On May 4, 2006, at 12:52 PM, Nathan O. wrote:
indication of the character set used.
Hmm. Maybe I’ll instead grep through the output of “cat #{filename}”.
–
Posted via http://www.ruby-forum.com/.
Yeah, this makes me think its UTF16 with a BOM (byte-order marking).
Here’s an example
% cat test.txt
þÿHello darkness my old friend, I’ve come to talk to you again.
What’s new pussy-cat?
Hello world!
As you can see I saved this file as UTF-16. You can also see that my
cat isn’t quite as smart as yours, we see the BOM at the beginning.

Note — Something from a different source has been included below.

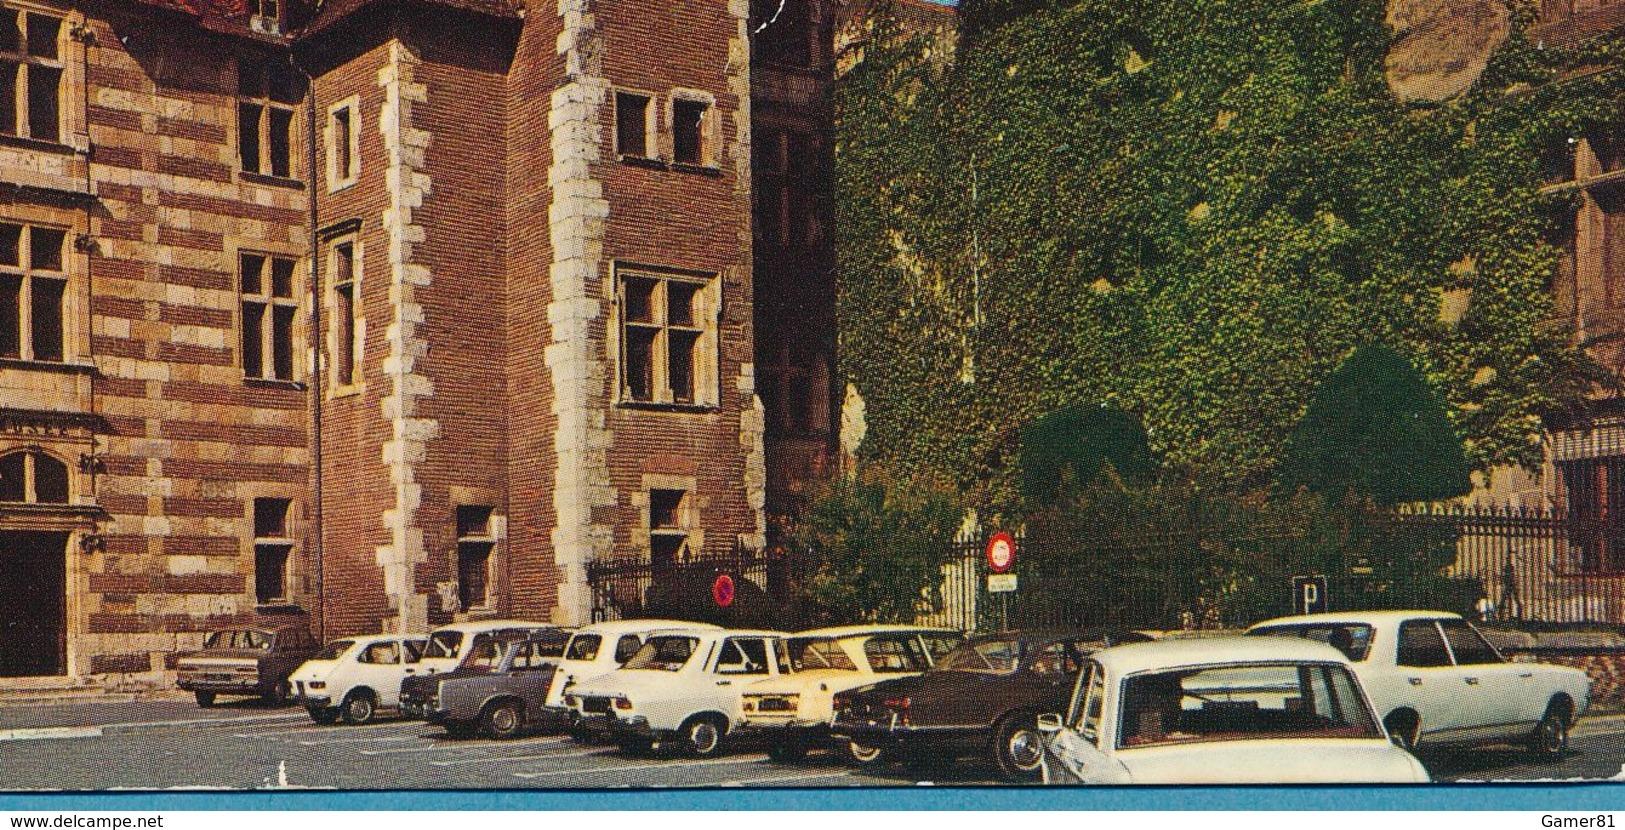 Ford 15M P6 Fiat 127 Simca 1500 Renault 4L R12 Citroen AMI 6 Jaguar XJ6 Opel Rekord C Peugeot 204 - Passenger Cars

The next step is to write a ruby script that can handle this:
% cat text_search.rb
require ‘iconv’
$KCODE=‘u’
pattern = Regexp.new(ARGV.shift)
convertor = Iconv.new(‘utf-8’, ‘utf-16’)
begin
ARGF.each do |line|
out = convertor.iconv(line)
if pattern =~ out
puts “#{ARGF.lineno}:#{out}”
end
end
ensure
convertor.close
end
Sadly, this will only handle utf-16 encoded files, it can’t even
handle utf-8.
Here’s some examples of it in use:
% ruby text_search.rb talk test.txt
1:Hello darkness my old friend, I’ve come to talk to you again.
% ruby text_search.rb Hello test.txt
1:Hello darkness my old friend, I’ve come to talk to you again.
3:Hello world!
Detecting utf-16 or ascii isn’t so bad, if you know for sure the
utf-16 will have a BOM, you just have to look for it. (It’s going to
be either 0xFEFF or 0xFFFE). On the other hand if you have to handle
more than just utf-16 and ascii, things are going to get confusing
quick, it’s difficult to detect the proper encoding of a file,
especially since so many encodings are supersets of ascii.